Read on to learn more about that and:
- President Trump's new cybersecurity executive order
- A malware campaign targeted at DocuSign users
- Why the financial services industry is most at risk of cyberattack
- And more
WannaCry ransomware causes global cyber mayhem
On Friday, May 12 nearly 40 hospitals in the United Kingdom's National Health Service system were taken offline after being hit by a ransomware attack. Simultaneously, Spain's major telecommunications company, Telefonica experienced the same attack.
In the following hours and days, the Russian Interior Ministry, FedEx, Renault, Germany's rail system, and multiple Chinese universities reported infected computers. By the weekend, 200,000 devices in over 150 countries had been hit with the WannaCry ransomware.
The malware infected machines through a recently patched Microsoft vulnerability. The patch was released on March 14 after being exposed as an NSA tool by the hacking group ShadowBrokers. However, many Microsoft users did not update their systems or were using old operating systems that did not have a patch—leaving them vulnerable to attack.

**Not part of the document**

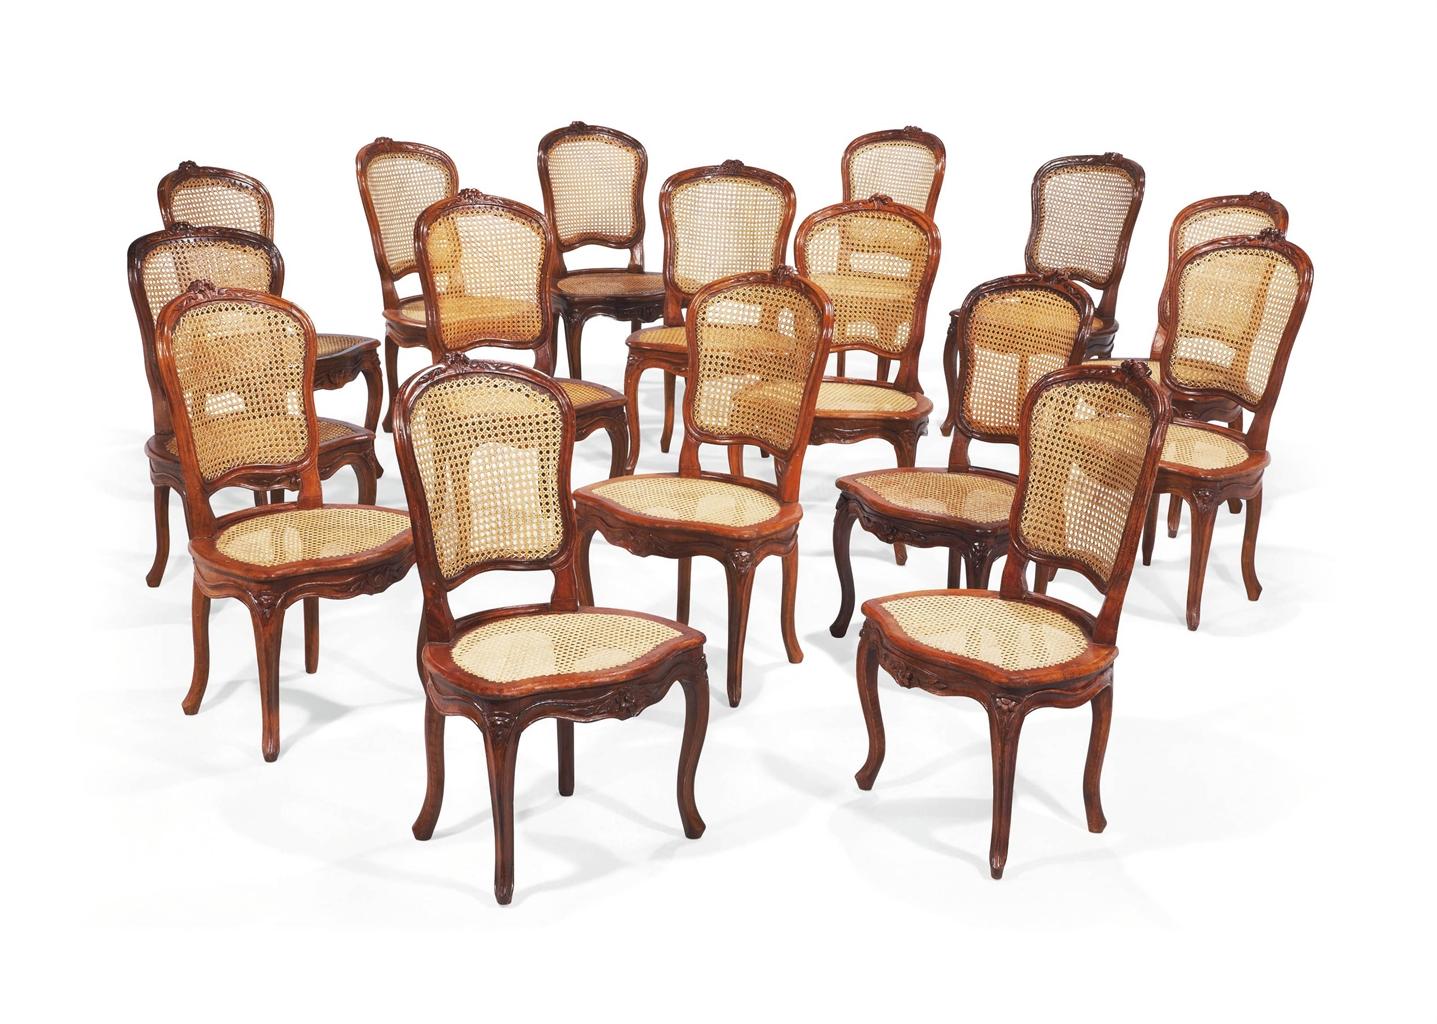 Chaise de salle a manger alinea used honda f6b for sale for Chaises salle a manger alinea

If you have a Windows device and have not updated it since March 14—be sure to do so immediately. You can check on Windows 10 or 7 by going to Start, Windows Settings/Control Panel, Update and Security/Windows Update, and check for updates.
If you happen to still be running Windows XP or Windows 8, you can download a patch from the Microsoft website. But these operating systems are not normally supported by Microsoft. It's not secure to be using them and you should update to Windows 10.
Experts warn that we may see copycat WannaCry attacks in the future. In order to best protect yourself, you should take the following actions.
- Always update your software
Keeping all of the software on your devices up to date is one of the most important cybersecurity actions you can take. Nine out of ten security experts say running updated software is necessary for strong security and they always update their programs.
However, the general public is much more lax with their software security. Forty percent of computer users don't update their software in a timely fashion.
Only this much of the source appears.